Moody’s is reportedly developing a scoring system — though not a credit rating — for stablecoins.

Bloomberg reported Thursday (Jan. 26) that Moody’s will analyze as many as 20 stablecoins, evaluating the attestations on the reserves that back them.

It won’t deliver an official credit rating, as it does for publicly traded crypto companies, according to the report, which cited unnamed sources.

The development of the scoring system is in its early stages, the report said.

Moody’s did not immediately reply to PYMNTS’ request for comment.

Reserve-backed stablecoins are backed one-to-one by a reserve of fiat currency and other highly liquid investments. While there was not a lot of clarity about the latter, in the United States it’s being defined as short-term Treasuries.

Stablecoins have come under increasing scrutiny by both investors and regulators after some highly publicized events.

For example, in May, investors lost about $48 billion in the failure of TerraUSD, an algorithmic stablecoin — meaning it maintained its dollar peg by means other than a one-to-one backing reserve of fiat currency or Treasuries.

TerraUSD maintained its peg through a complex arbitrage system with the free-floating sister token, Luna, which was managed by self-executing smart contracts.

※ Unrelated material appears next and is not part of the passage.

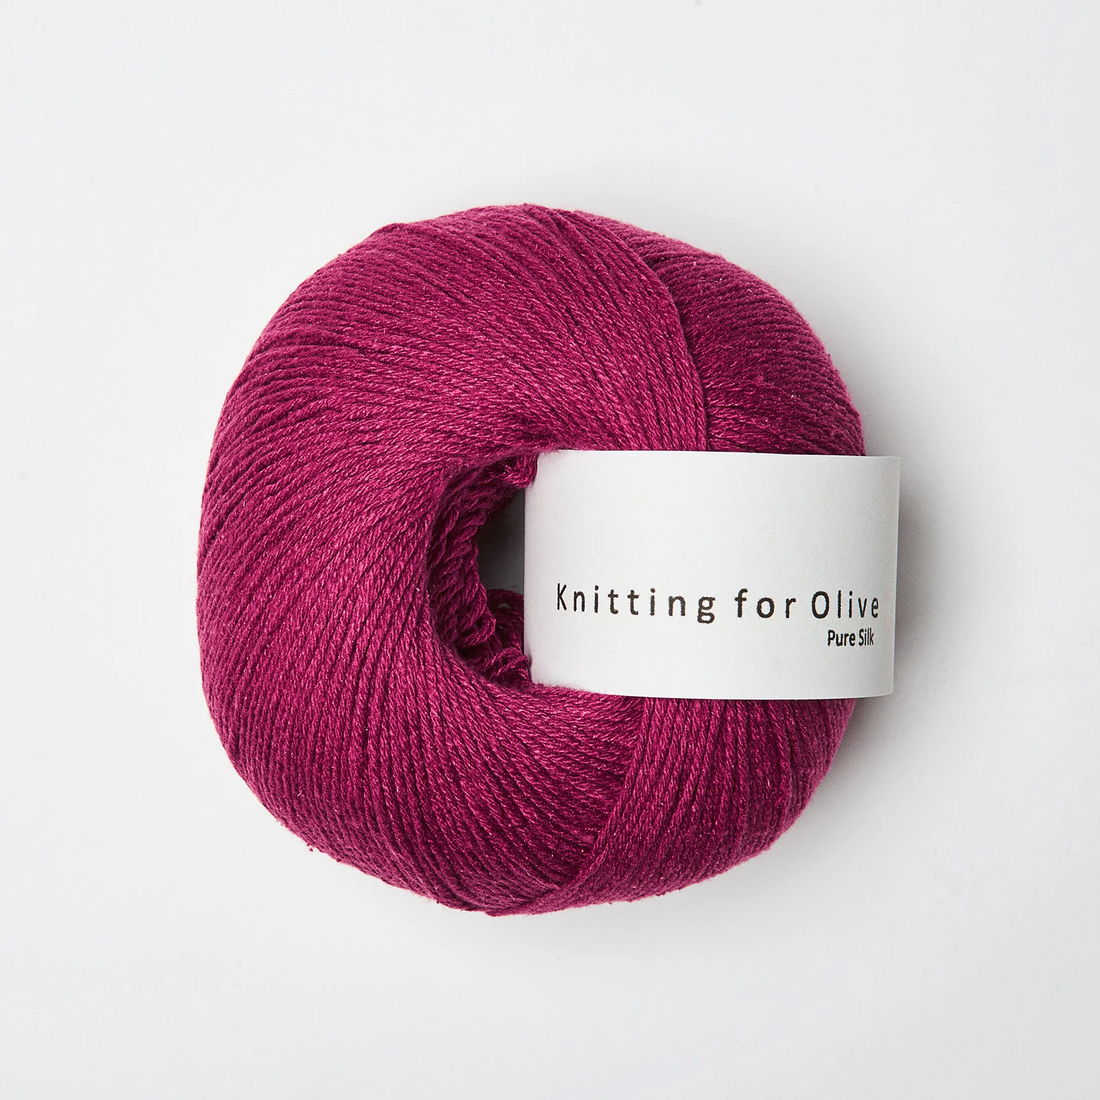 Nouveauté! Pure Silk, 100% soie - Knitting for Olive

When TerraUSD, which was supposedly a stablecoin pegged to real monetary value whose intended purpose was to promote stability across crypto, failed, it sent shockwaves reverberating throughout the industry.

In another example, Tether, an asset-backed stablecoin, came under scrutiny after it was reported that it had been increasingly lending its own coins and not selling them instead for equivalent fiat.

That practice adds to the risk that the company may not have enough liquid assets to weather a large redemption event, meaning it could be susceptible to a liquidity crunch that would deliver another solvency shock to the crypto marketplace.

Noting events of the past year, the Office of the Comptroller of the Currency (OCC) said in December report about crypto assets that “stablecoins may be unstable.”

OCC said that the potential for run risk with stablecoins was demonstrated by the collapse of an algorithmic stablecoin in the spring, which also affected asset-backed stablecoins, and that most stablecoins remain vulnerable to run risk.